Il était une fois, un réalisateur qui s’appelait (et qui s’appelle toujours) Matteo Garrone, cinéaste surdoué et téméraire, désireux de réaliser un film hors du commun. Le voici : Tale of tales, autrement dit « le conte des contes ». Une œuvre échevelée, protéiforme, inspirée au cinéaste italien par un auteur méconnu en France, Giambattista Basile.  

En 1625, ce Napolitain à l’imagination des plus fertiles signait ce drôle de livre, lourd de cinq volumes et devenu la source d’inspiration de grands conteurs comme Charles Perrault, ou les frères Grimm, qui devaient largement le piller, à travers des œuvres aussi connues que Peau d’Anne, Cendrillon, Le chat botté ou la Belle au bois dormant. 

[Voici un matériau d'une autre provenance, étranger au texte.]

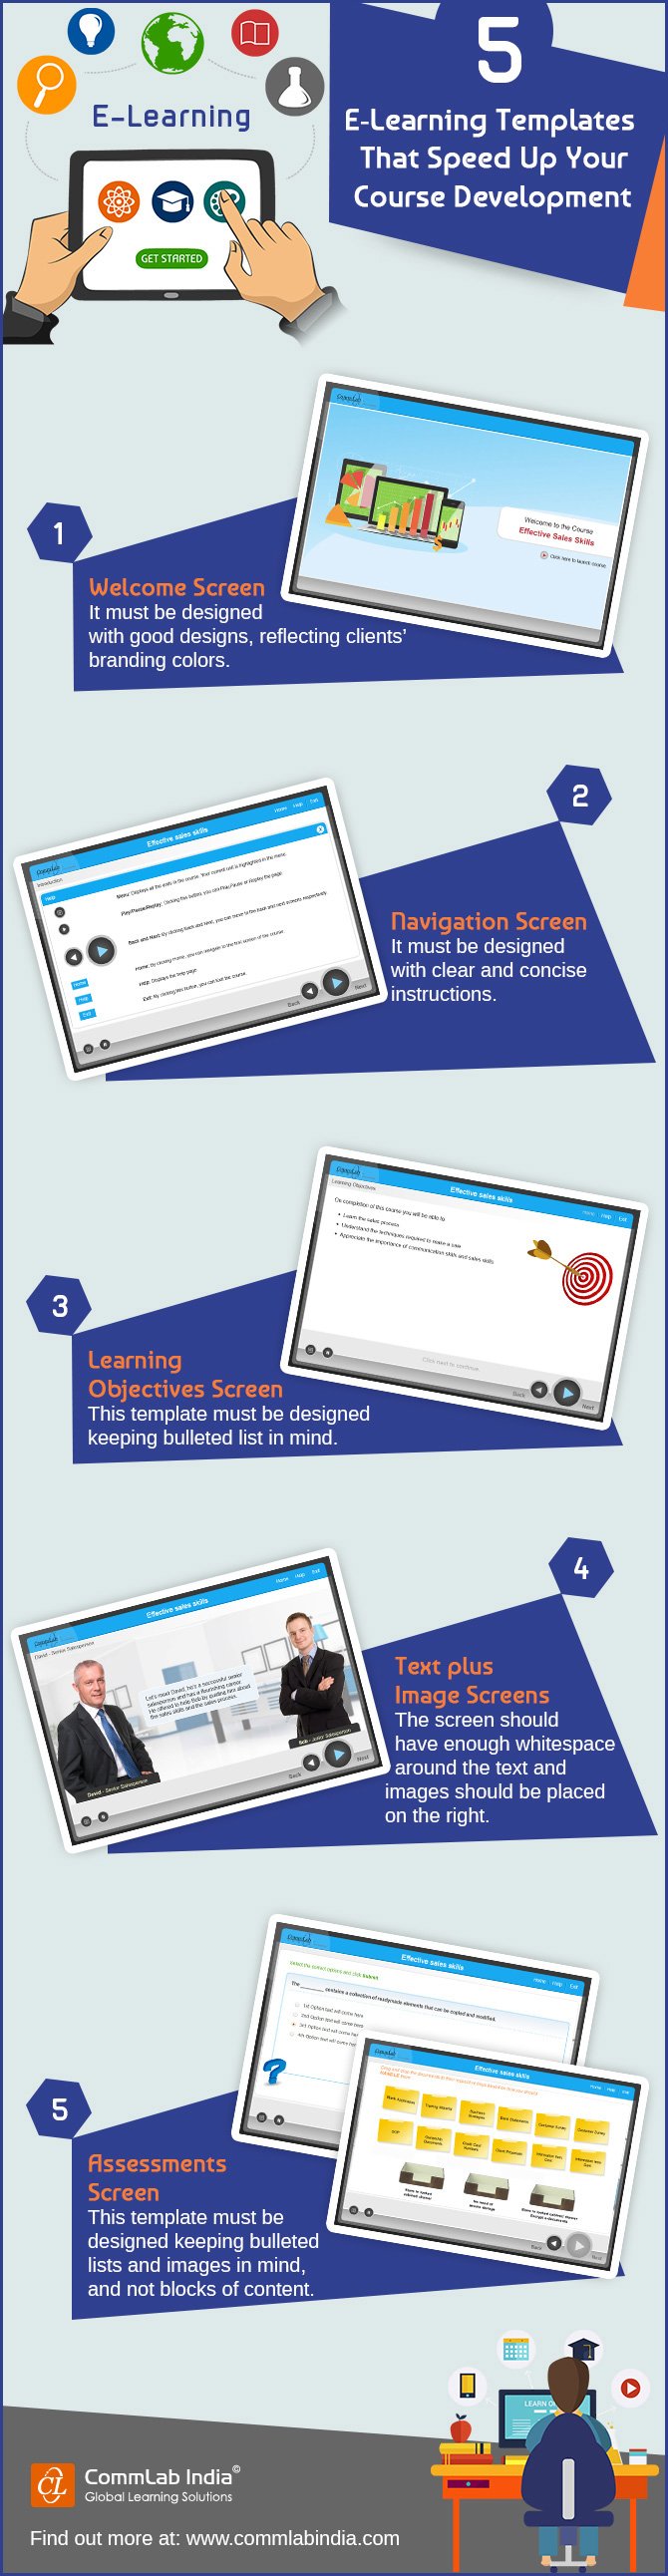 6 E-learning Templates that Speed Up Your Online Training Course Development [Infographic]

Vainqueur par deux fois du Grand Prix du Jury à Cannes, en 2008 pour Gomorra et en 2012 pour Reality, Matteo Garrone a bénéficié d’un budget confortable et d’un casting cosmopolite pour faire de son film « italien » une grande production internationale. Sa fresque convoque par instants la force évocatrice d’un Pasolini période Décameron (lui aussi inspiré d’un recueil de contes italien). A d’autres moments, il rappelle la cruauté amusée d’un Dino Risi par cette façon de mordre la vie.

Exercice de style, Tale of tales s’avère réussi, malgré ses excès et sans doute un certain manque de modestie. Il est cependant très intéressant d’entendre le cinéaste raconter comment il  a renversé sa façon de faire : «Par le passé, j’ai réalisé des choses plus réalistes en appa­rence, comme Gomorra, mais dans lesquelles j’ai toujours pris soin d’introduire des éléments de fable ou de contes noirs. Avec Tale of Tales, j’ai fait le chemi­ne­ment inverse confiait-il durant la promotion cannoise : je suis parti de contes et j’ai essayé de leur donner une texture réelle et une résonance actuelle». 

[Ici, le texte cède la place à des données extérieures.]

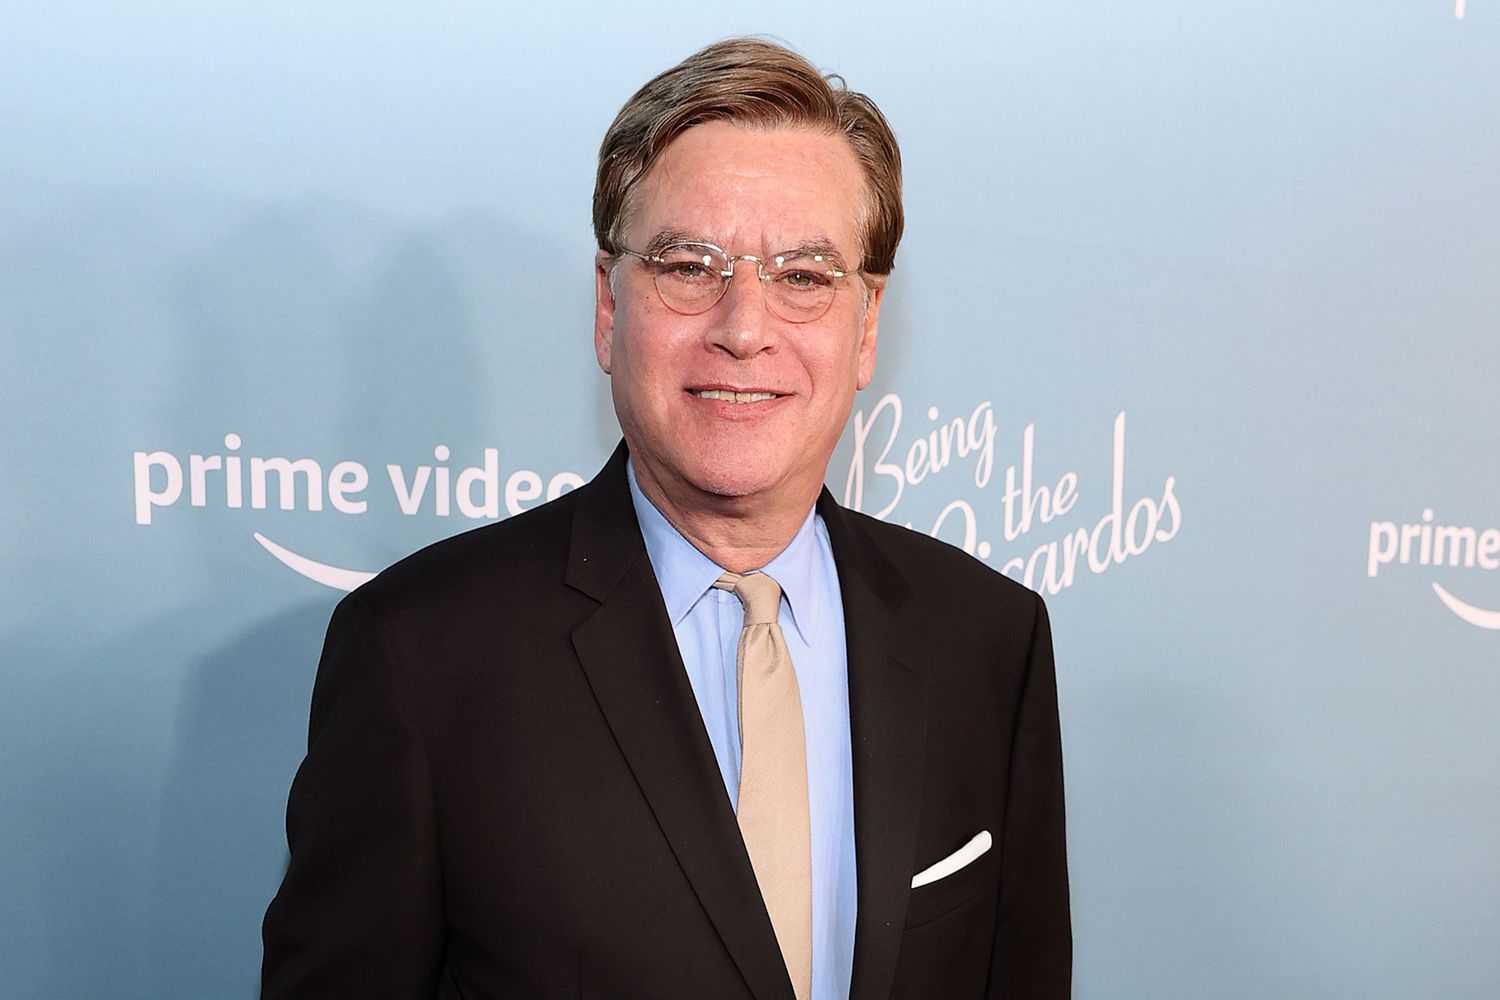 Aaron Sorkin attends the premiere of Amazon Studios' 'Being The Ricardos' at Academy Museum of Motion Pictures on December 06, 2021, in Los Angeles, California.

Les rois et reines qui peuplent son récit, les ogres comme les sorcières poursuivent tous de profonds désirs, parfois inavoués. Dans l’esprit du cinéaste c’est une façon de dire que la recherche du bonheur à tout prix peut parfois enfanter des monstres. Et pas seulement dans notre imagination, à l’image de cette puce qui atteint la taille d’un bœuf à force d’être nourrie par un roi qui par ailleurs ne se résout pas à voir sa fille grandir… 

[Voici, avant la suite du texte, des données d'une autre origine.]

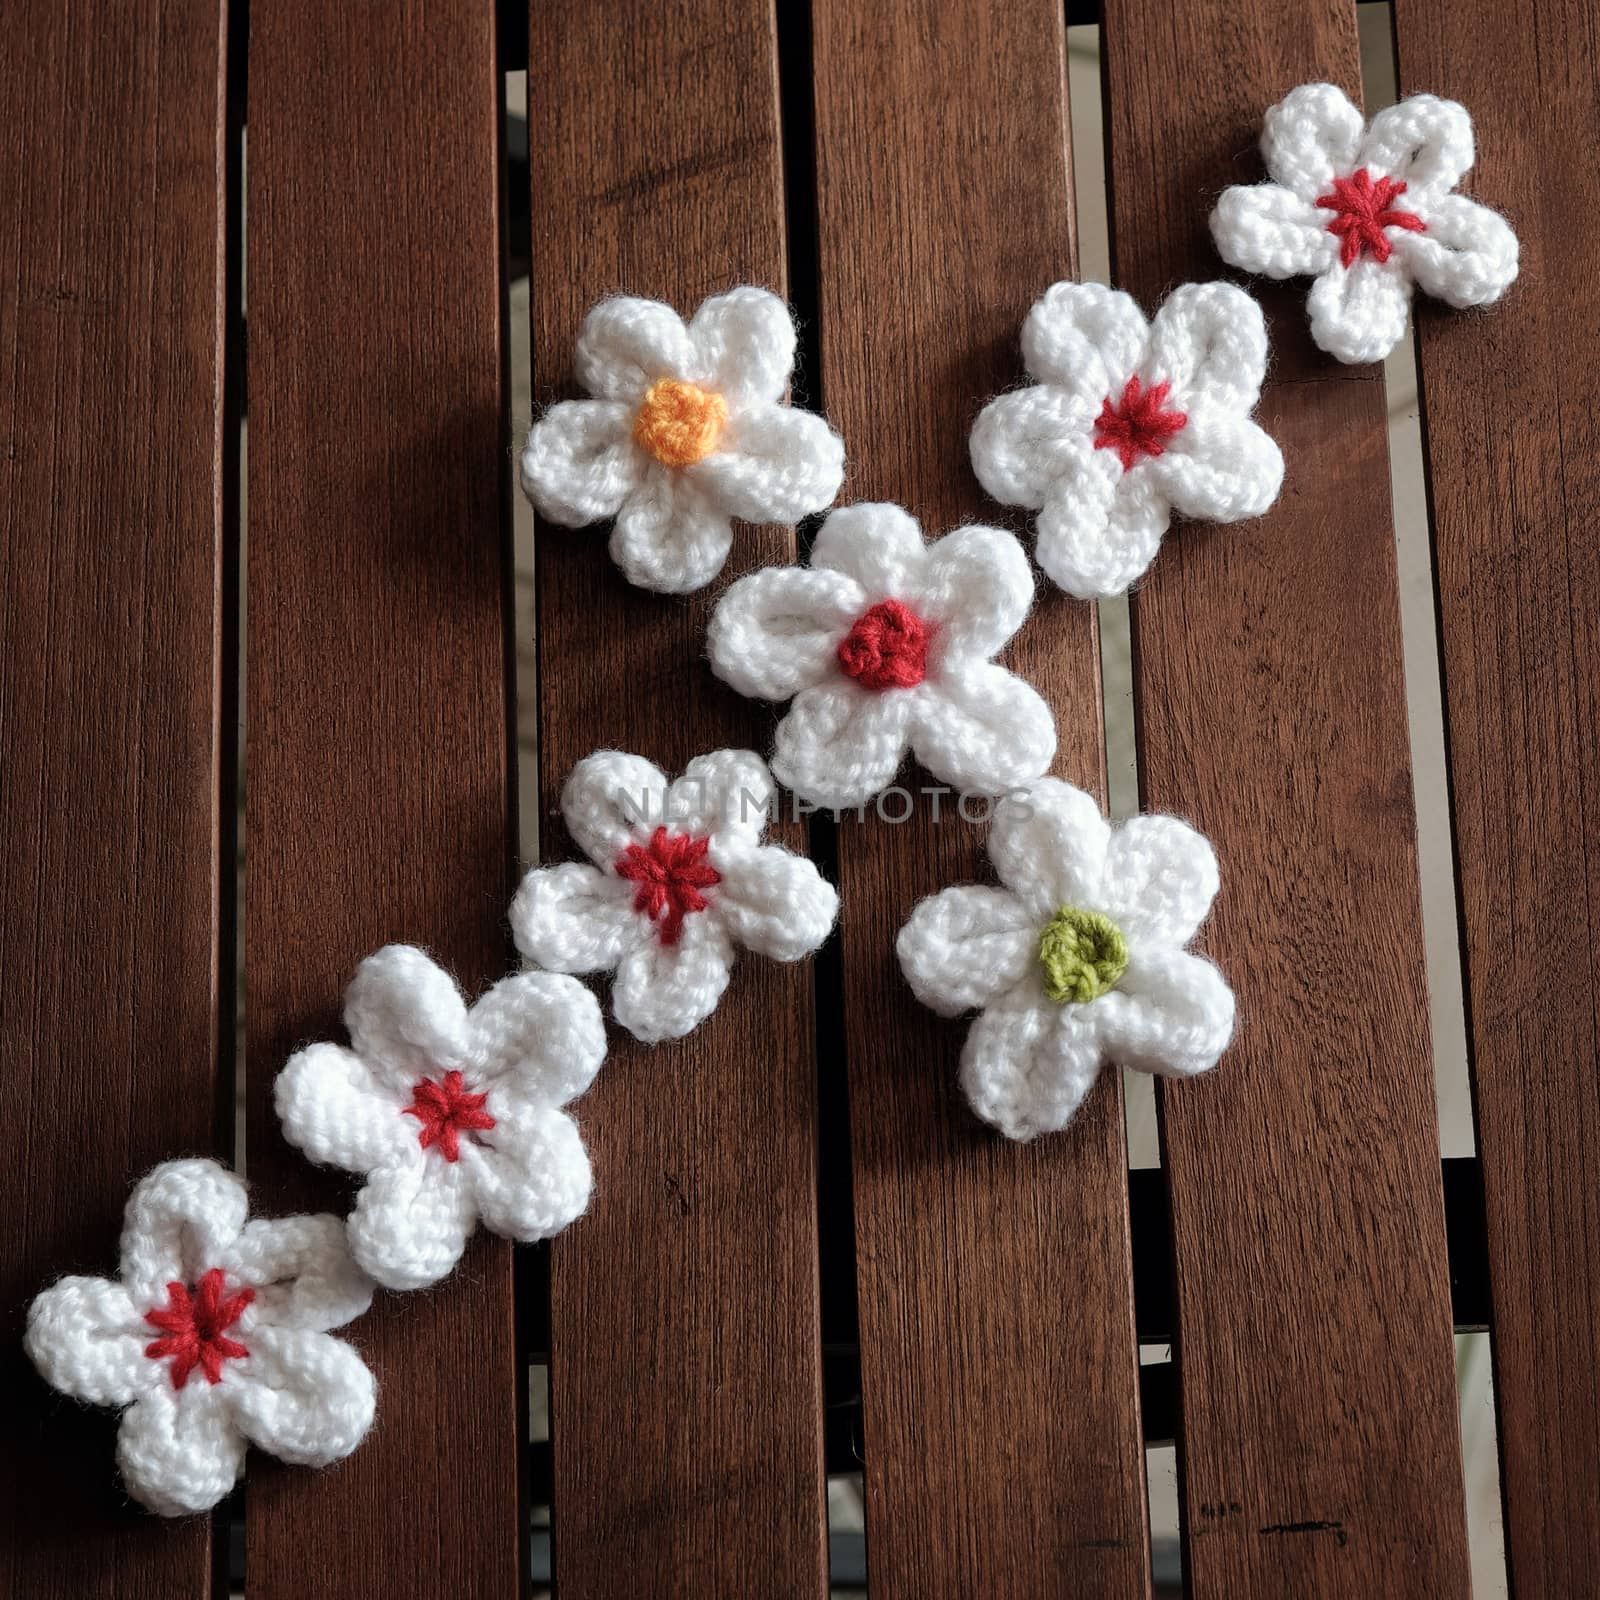 Group of handmade product for mother day, white daisy flower on wood background, make by knit from yarn

Salma Hayek trouve ici un rôle de reine à sa taille et conforme à son sens de l’humour explosif. L’une des scènes les plus fascinantes du film, la montre dévorant  un énorme cœur dégoulinant de sang. Matteo Garrone a raconté comment l’actrice mexicaine s’est jetée dessus sans sourciller. Mais le cinéma n’étant qu’illusion bien sûr, il s’agissait d’un gâteau de guimauve, nappé de faux sang liquide sucré. Preuve que son cœur a elle, est bien accroché.